Alpha Servers
Rob Urban

I'm trying to configure an ES40 (not sure if model 1 or 2) for use in a TruCluster via the serial console. Unfortunately access to hardware is problematic (15-minute walk, request access-card for machine-room).  The following happens:

I power on the machine, it successuflly goes through initialization, and finally arrives at SRM prompt "P00>>>". I can type commands etc, all looks OK.  A while later I go back to that terminal and there is no response.  Because of access problems, I don't know at this point what the system display is saying.  I can get to the RMC console and that works fine. "status" and "env" both produce results that one would expect for a healthy system, with the possible exception that the last alert was "AC loss", as you can see below.
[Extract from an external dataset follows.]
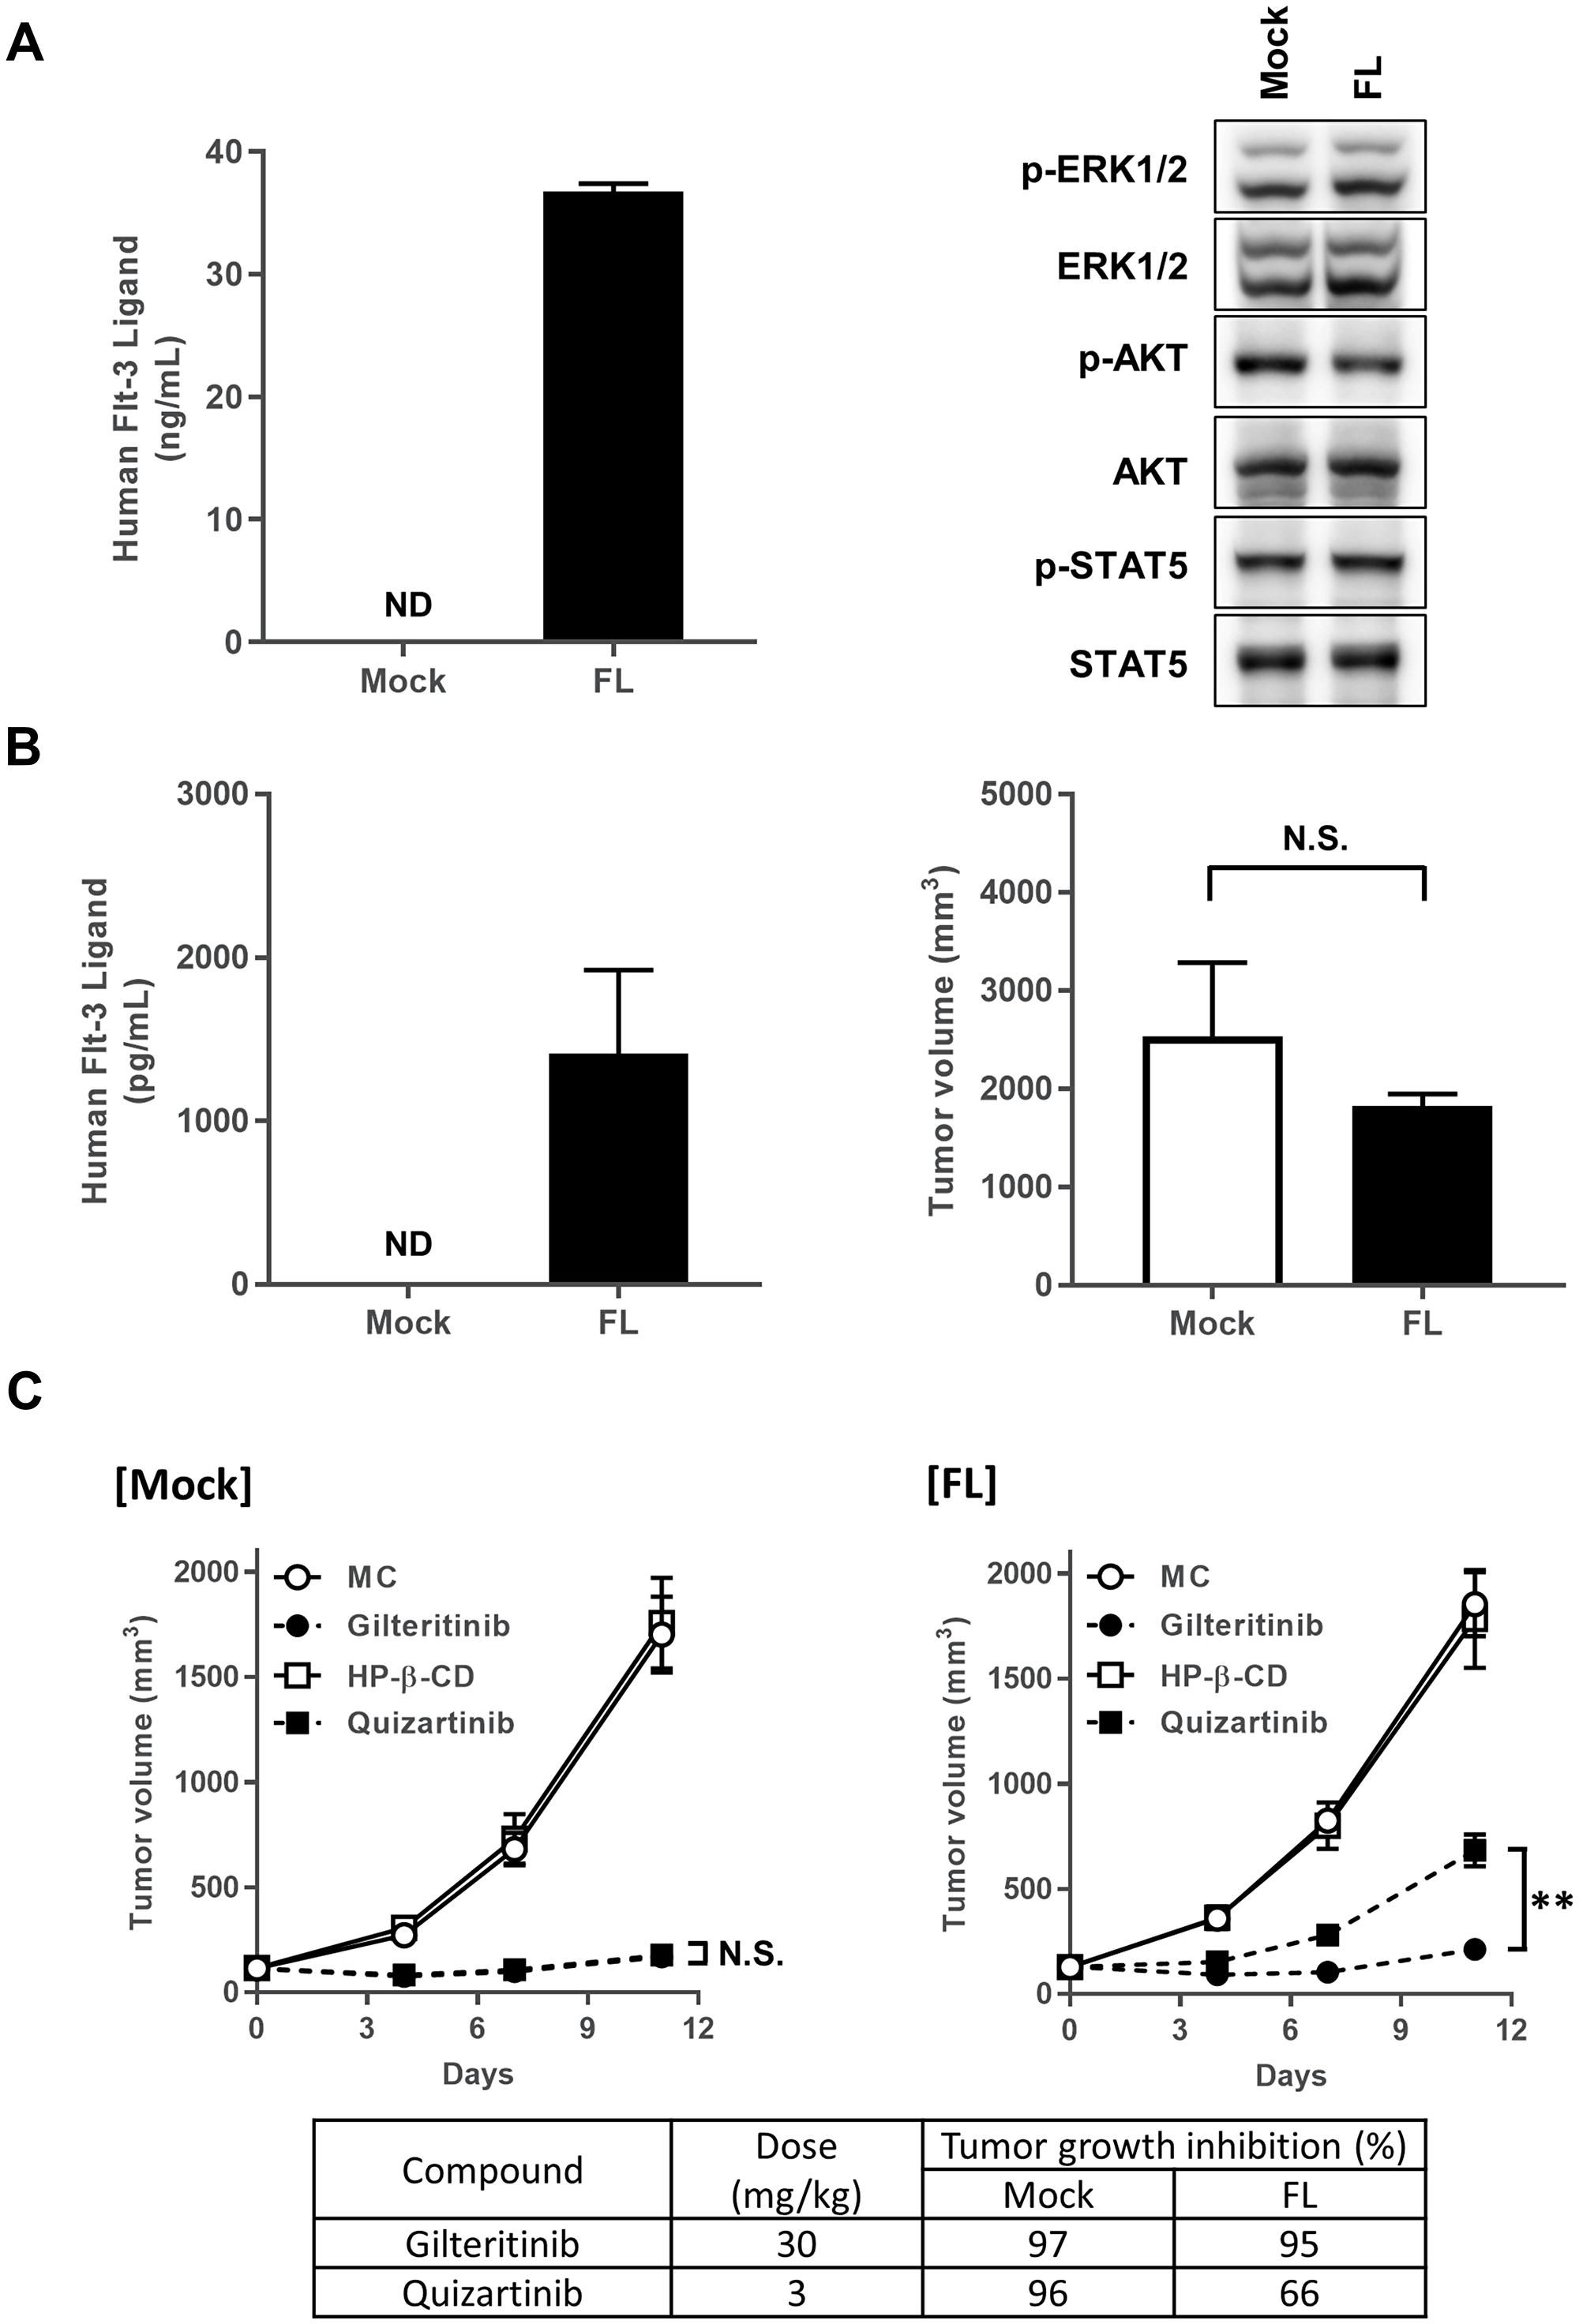 Antitumor efficacy of gilteritinib and quizartinib.

Also "show power" at SRM console shows no problems. SInce I don't yet have Tru64 running on this machine, I don't know if only the console is failing, or it the console is just a symtom...


I upgraded the Firmware to 7.2-1.


if I use the RMC function "reset" to re-init the system, the SRC console "wakes up" again for a while, until the next time it decides to die.  The timing seems to be unpredictable.


A RMC "halt in", "halt out" does not help.  I have cleared the last RMC alert and am waiting for the next console death.


Does anyone have an idea what the cause of this problem might be?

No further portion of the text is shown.